Com a parte 3, terminamos essa série sobre argumentos sem sustentação lógica. Talvez eu volte a escrever sobre o assunto, mas por enquanto cobrimos grande parte das mais comuns e repetitivas nesse mundo da retórica furada. Vamos logo às escolhidas!

MEIO TERMO

É comum se dizer que a verdade costuma estar exatamente entre dois pontos de vista discordantes. Que o meio termo é a posição mais racional… Mas nem sempre é assim que a banda toca numa discussão. Procurar um meio termo a qualquer custo pode gerar uma falácia. Apesar de não ser tão virulenta quanto as outras que escolhi para esta série de colunas, seu reconhecimento é muito importante. E por um bom motivo: Normalmente são as pessoas mais bem equipadas para uma discussão que acabam caindo nessa armadilha lógica.

Gente histérica e/ou mal intencionada numa troca de ideias raramente vai pecar pelo excesso de cuidado com o equilíbrio do argumento, mas quem está tentando dirimir um confronto e defender a racionalidade fatalmente vai passar perigosamente perto da falácia meio termo. Na sanha de criar um “terceiro ponto de vista” para avançar a discussão, pode-se criar um monstro ilógico chato de derrubar.

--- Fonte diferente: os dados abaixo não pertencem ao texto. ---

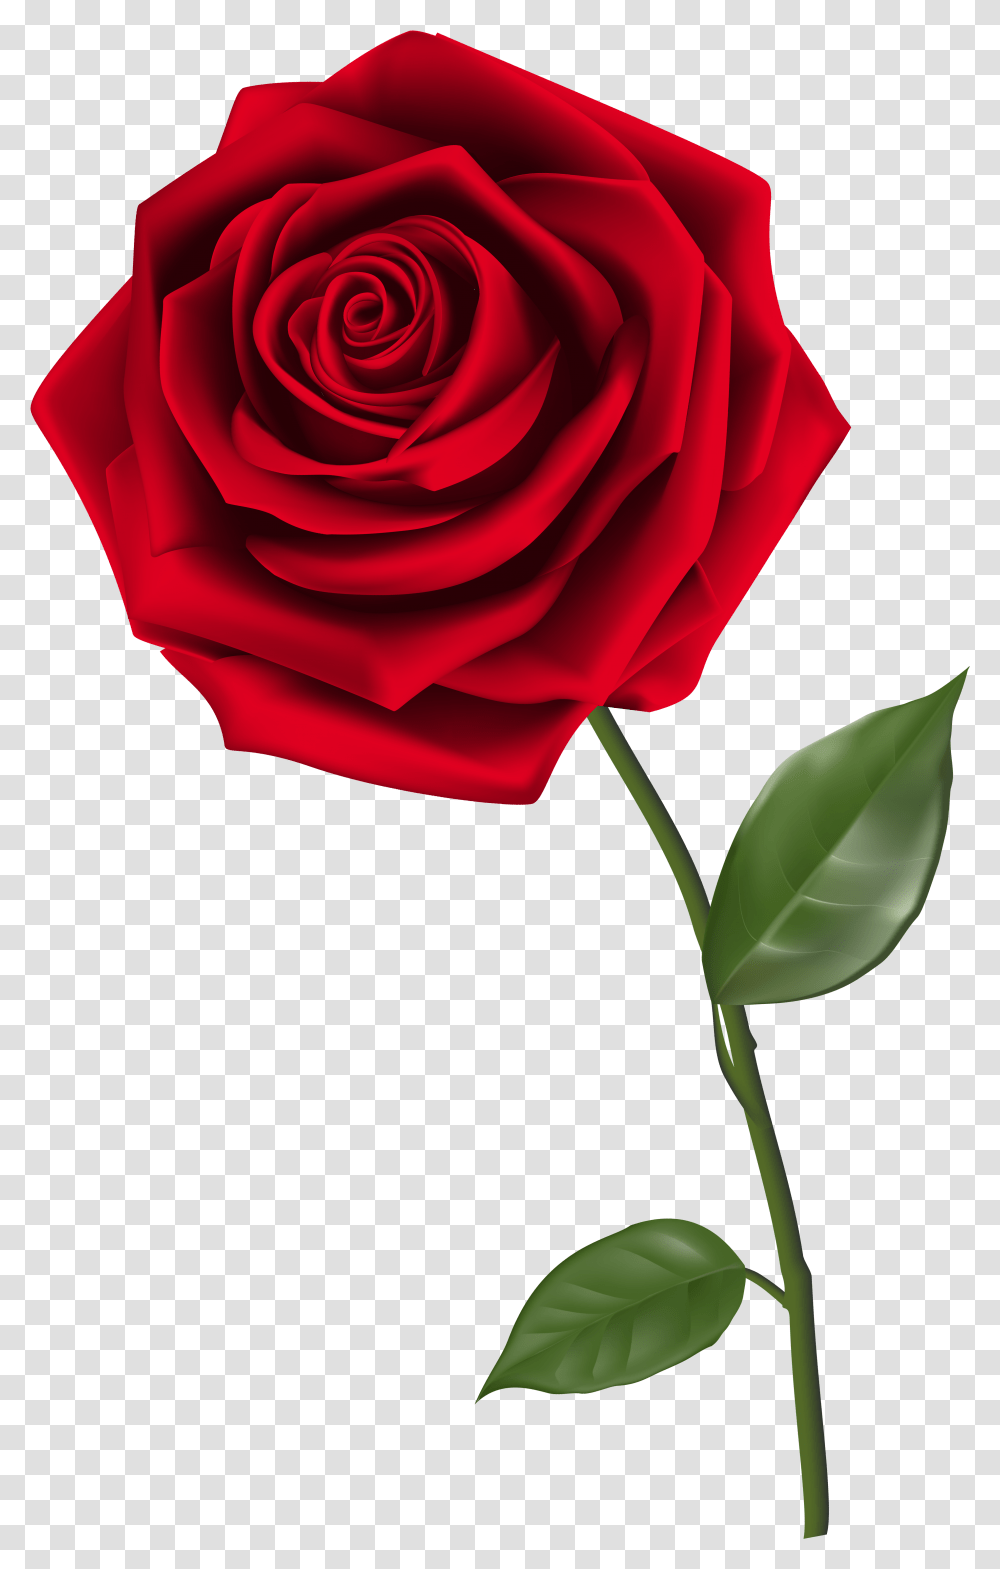 Rose Free Background Red Rose, Plant, Flower, Blossom, Petal Transparent Png

Exemplo: “Somir defende o envio imediato de todas as pessoas que se dizem paranormais para campos de concentração. Zé Ruela rebate dizendo que isso seria um crime contra os direitos humanos, e que muita gente se diz paranormal o faz com boas intenções e não faz mal a ninguém. Zé Bovino, percebendo o impasse, sugere que apenas os ditos paranormais que exploram financeiramente pessoas desesperadas sejam enviados para campos de trabalho forçado…”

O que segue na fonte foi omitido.